Convert nested results to the specified output format.

Parameters:

Name Type Description Default
results dict

Nested results from interpret_metric_instructions

required
output_format OutputFormat

Desired output format

required

Returns:

Type Description
Union[dict, DataFrame, List[dict]]

Results in the specified format

Raises:

Type Description
ValueError

If output_format is not supported

Source code in quick_metric/_output_formats.py
def convert_to_format(
    results: dict, output_format: OutputFormat
) -> Union[dict, pd.DataFrame, list[dict]]:
    """
    Convert nested results to the specified output format.

    Parameters
    ----------
    results : dict
        Nested results from interpret_metric_instructions
    output_format : OutputFormat
        Desired output format

    Returns
    -------
    Union[dict, pd.DataFrame, List[dict]]
        Results in the specified format

    Raises
    ------
    ValueError
        If output_format is not supported
    """
    if output_format == OutputFormat.NESTED:
        return results
    if output_format == OutputFormat.RECORDS:
        return convert_to_records(results)
    if output_format == OutputFormat.DATAFRAME:
        return convert_to_dataframe(results)
    if output_format == OutputFormat.FLAT_DATAFRAME:
        return convert_to_flat_dataframe(results)

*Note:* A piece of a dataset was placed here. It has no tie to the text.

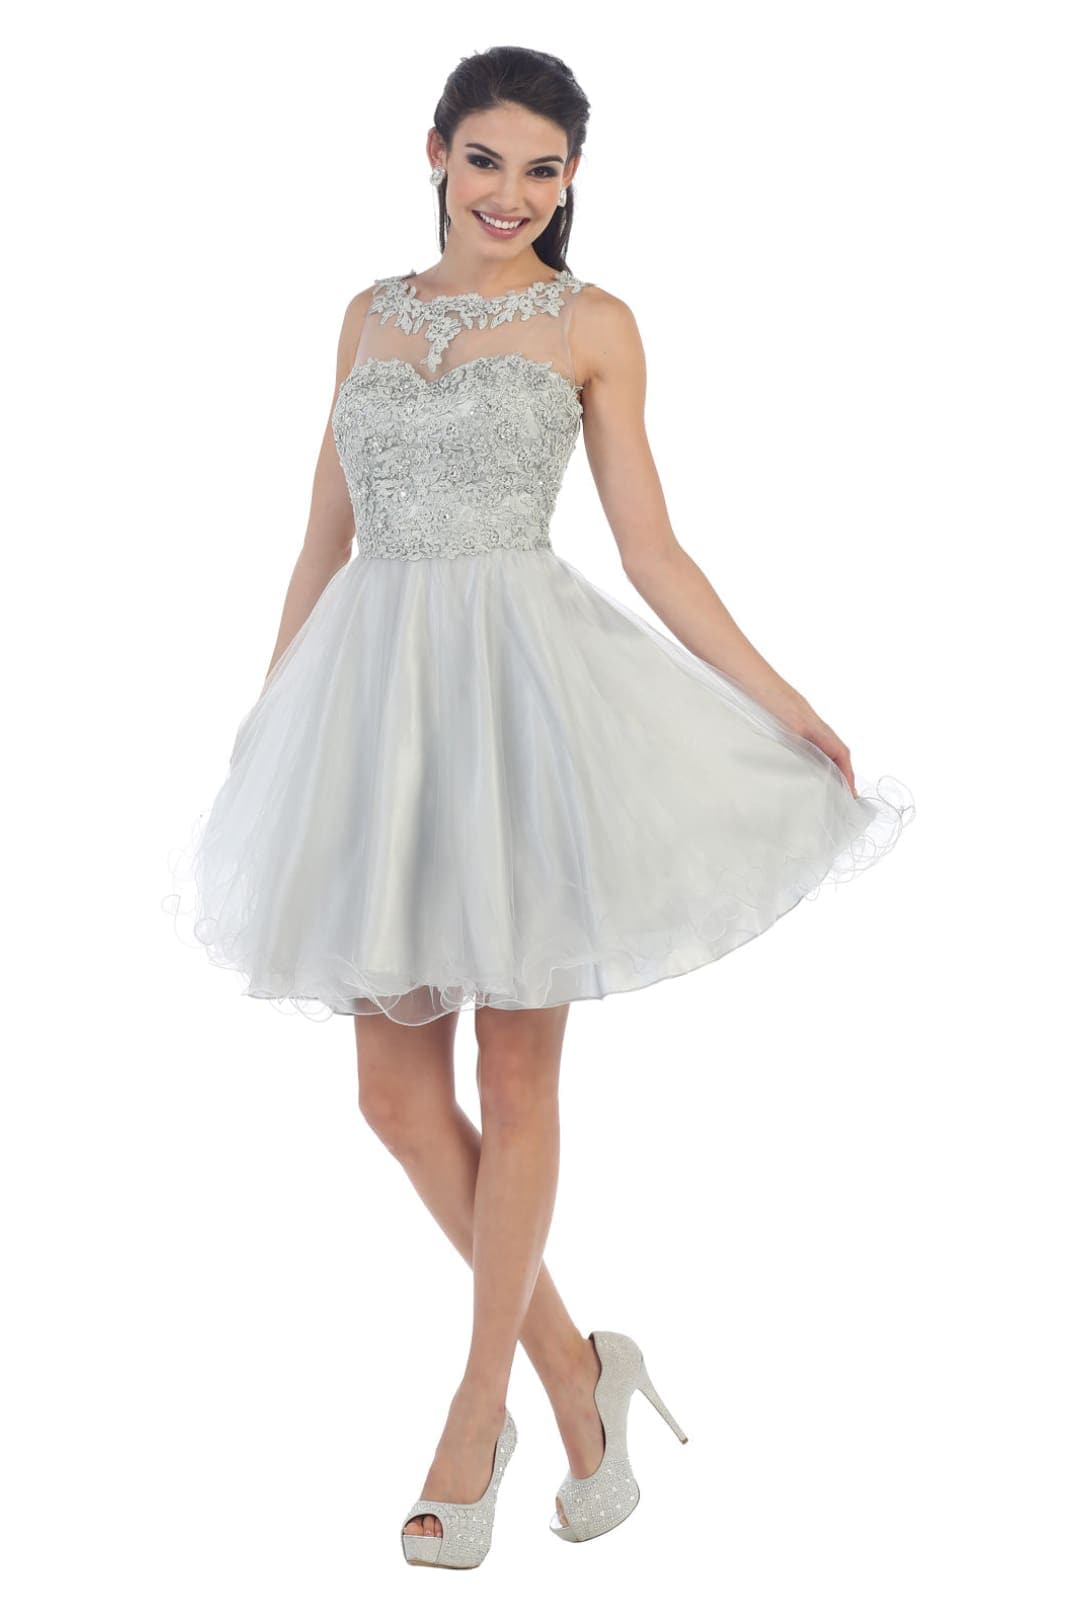 May Queen MQ1429 Sleeveless Sheer Embroidered Bodice Short Cocktail Dress - Silver / 20

    raise ValueError(f"Unsupported output format: {output_format}")

to_dataframe(results)

Convert any results format to pandas DataFrame.

Parameters:

Name Type Description Default
results dict or List[dict]

Results in nested or records format

required

Returns:

Type Description
DataFrame

Results as DataFrame

Source code in quick_metric/_output_formats.py
def to_dataframe(results: Union[dict, list[dict]]) -> pd.DataFrame:
    """
    Convert any results format to pandas DataFrame.

    Parameters
    ----------
    results : dict or List[dict]
        Results in nested or records format

    Returns
    -------
    pd.DataFrame
        Results as DataFrame
    """
    if isinstance(results, dict):
        return convert_to_dataframe(results)
    if isinstance(results, list):
        return pd.DataFrame(results)

    raise ValueError("Results must be dict (nested) or list (records) format")

to_records(results)

Convert any results format to records format.

Parameters:

Name Type Description Default
results dict or DataFrame

Results in nested or dataframe format

required

Returns:

Type Description
List[dict]

Results as list of dictionaries

Source code in quick_metric/_output_formats.py
def to_records(results: Union[dict, pd.DataFrame]) -> list[dict]:
    """
    Convert any results format to records format.

    Parameters
    ----------
    results : dict or pd.DataFrame
        Results in nested or dataframe format

    Returns
    -------
    List[dict]
        Results as list of dictionaries
    """
    if isinstance(results, dict):
        return convert_to_records(results)
    if isinstance(results, pd.DataFrame):
        return results.to_dict("records")

    raise ValueError("Results must be dict (nested) or DataFrame format")

to_nested(results)

Convert results back to nested dictionary format.

Parameters:

Name Type Description Default
results DataFrame or List[dict]

Results in dataframe or records format

required

Returns:

Type Description
dict

Results in nested format {'metric': {'method': value}}

Source code in quick_metric/_output_formats.py
def to_nested(results: Union[pd.DataFrame, list[dict]]) -> dict:
    """
    Convert results back to nested dictionary format.

    Parameters
    ----------
    results : pd.DataFrame or List[dict]
        Results in dataframe or records format

    Returns
    -------
    dict
        Results in nested format {'metric': {'method': value}}
    """
    if isinstance(results, list):
        # Convert from records
        nested = {}
        for record in results:
            metric = record["metric"]
            method = record["method"]
            value = record["value"]

            if metric not in nested:
                nested[metric] = {}
            nested[metric][method] = value
        return nested

    if isinstance(results, pd.DataFrame):
        # Convert from DataFrame
        nested = {}
        for _, row in results.iterrows():
            metric = row["metric"]
            method = row["method"]
            value = row["value"]

            if metric not in nested:
                nested[metric] = {}
            nested[metric][method] = value
        return nested

    raise ValueError("Results must be DataFrame or list (records) format")